Hydraulic fracturing has been widely used for unconventional reservoirs including organic-rich carbonate formations for oil and gas production. During hydraulic fracturing, massive amount of fracturing fluids are pumped to crack-open the formation and only a small percentage of the fluid is recovered during the flowback process. The negative effects of the remaining fluid on the formation such as clays swelling and reduction of rock mechanical properties have been reported in literatures. However, effects of fluids on source rock properties, especially the microstructures, porosity and permeability, are scarcely documented. In this study, microstructure and mineralogy changes induced in tight carbonate rocks by imbibed fluids and corresponding changes in permeability and porosity are reported.

Two sets of tight organic-rich carbonate source rock samples were examined. One sample set was sourced from the Middle East field and the other was an outcrop from Eagle Ford Shale that is considered to be analogous to the one from the Middle East field. Three fracturing fluids, namely 2% KCl, 0.5 gpt slickwater and synthetic seawater, were used to treat the thin-section of the source rock and core samples. Modern analytical techniques such as SEM and EDS were used to investigate the source-rock morphology and mineralogy changes prior and after the fluid treatment at micron-scale level. Porosity and permeability as a function of confining pressures were quantified on core samples to investigate changes in flow properties due to the fracturing fluids treatments.

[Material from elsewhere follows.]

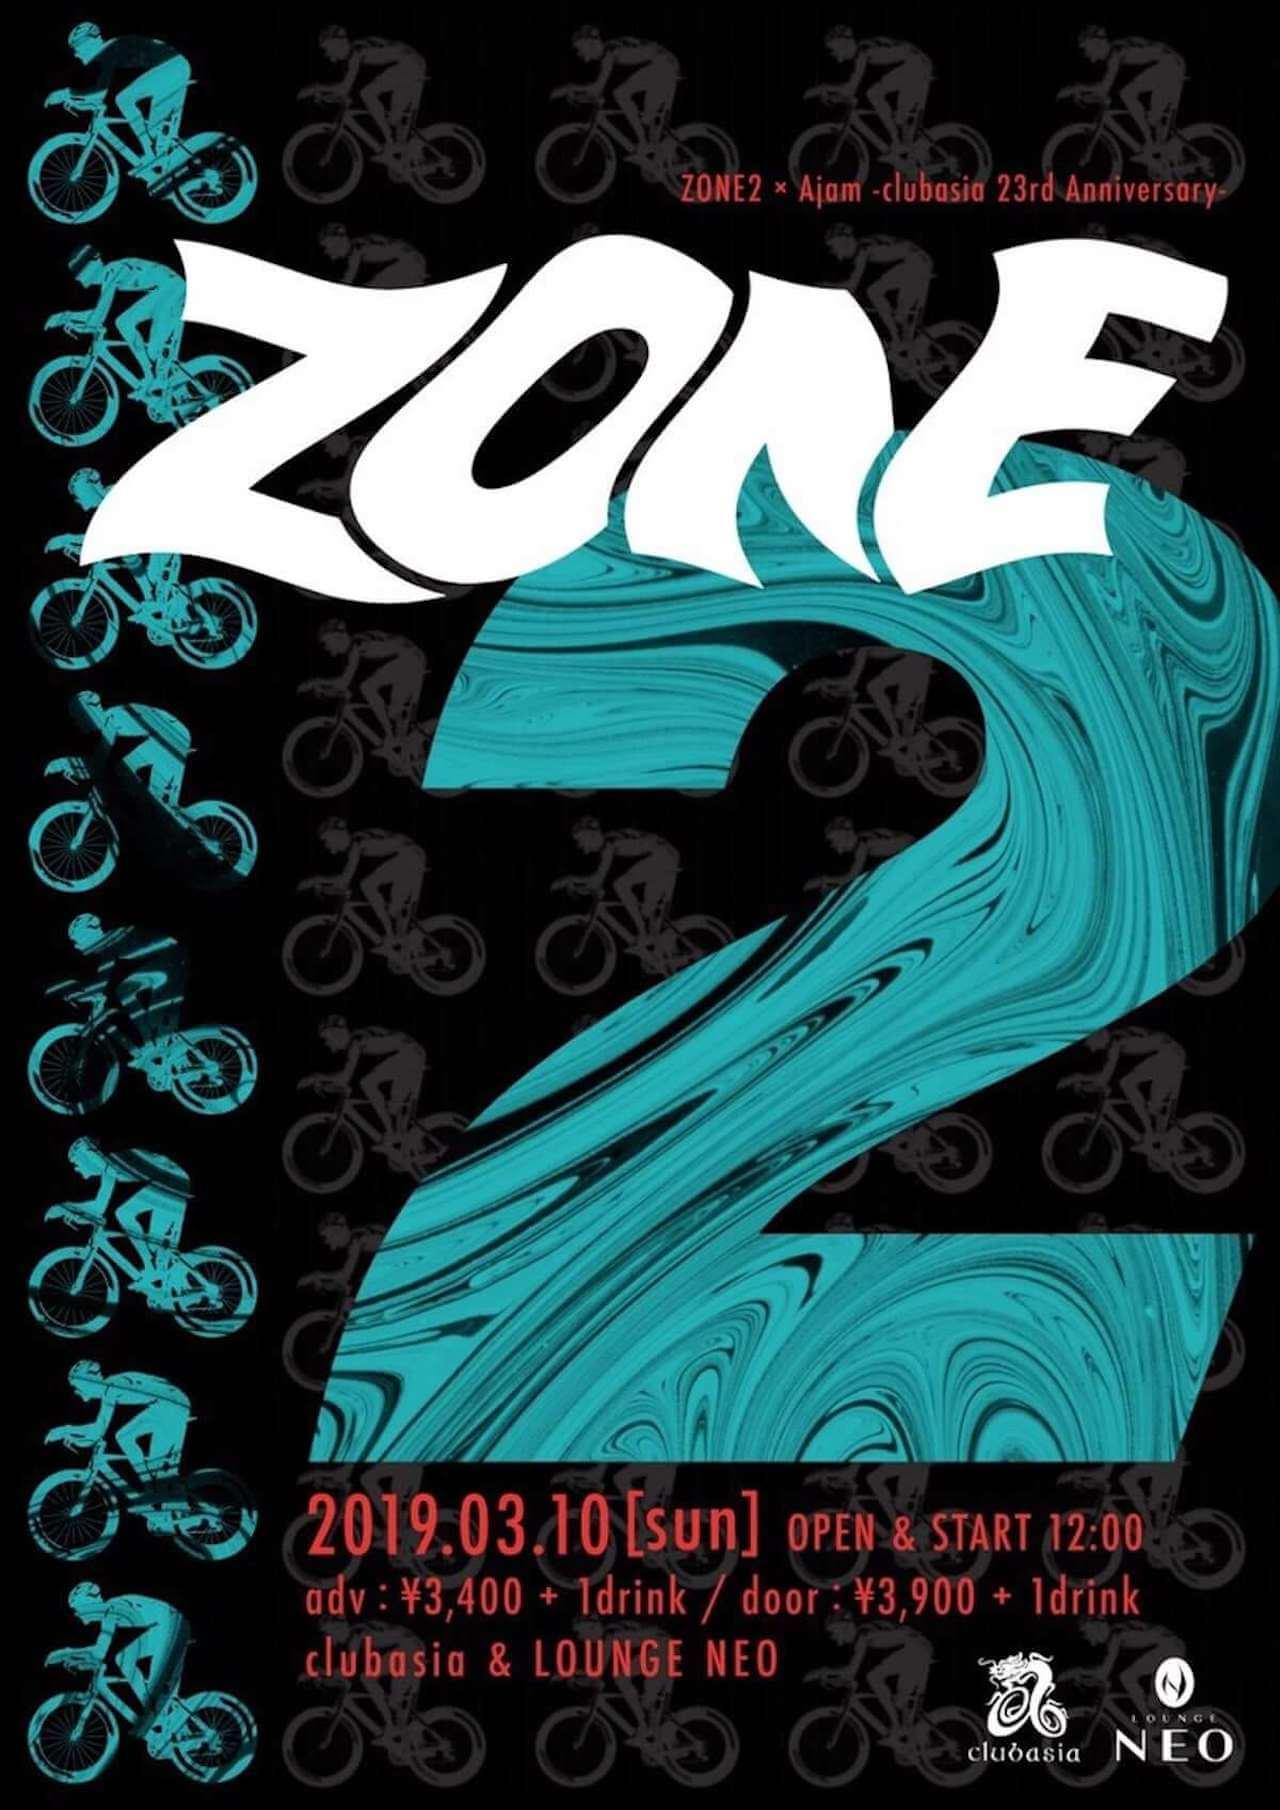 ZONE鼎談|新世代の誕生、6バンド+DJが作る新たなインディシーン interview-zone2-02

The SEM and EDS results prior to and after fracturing fluid treatments on the source rock samples showed the microstructural changes in all three fluids. In 2% KCl and slickwater fluid, reopening of some mineral-filled natural fractures was observed. The enlargement of micro-fractures was slightly more noticeable for samples treated with 2% KCl in comparison to slickwater at the micron-scale level. In one sample, dissolution of organic matters was captured in slickwater fluid treated rock sample. Some mineral precipitation and new micro-fractures generation were observed for samples treated with seawater. The new micro-fractures generation and mineral dissolution through the fluid treatment would result in the increases in both porosity and permeability, while the mineral deposition would result in permeability decrease. The overall increase in absolute gas permeability was quantified by the experimental measurements under different effective stresses for the core plug samples. This effect on absolute gas permeability increase has an important implication for hydrocarbon recovery from unconventional reservoirs.

This study provides experimental evidences at different scales that aqueous-based fracturing fluid may potentially have positive effect on gas production from organic-rich carbonate source rock by increasing absolute gas permeability through mineral dissolution and generation of new or re-opening of old micro- fractures. This observation will be beneficial to the future usage of fresh and seawater based fluids in stimulating gas production for organic-rich carbonate formations.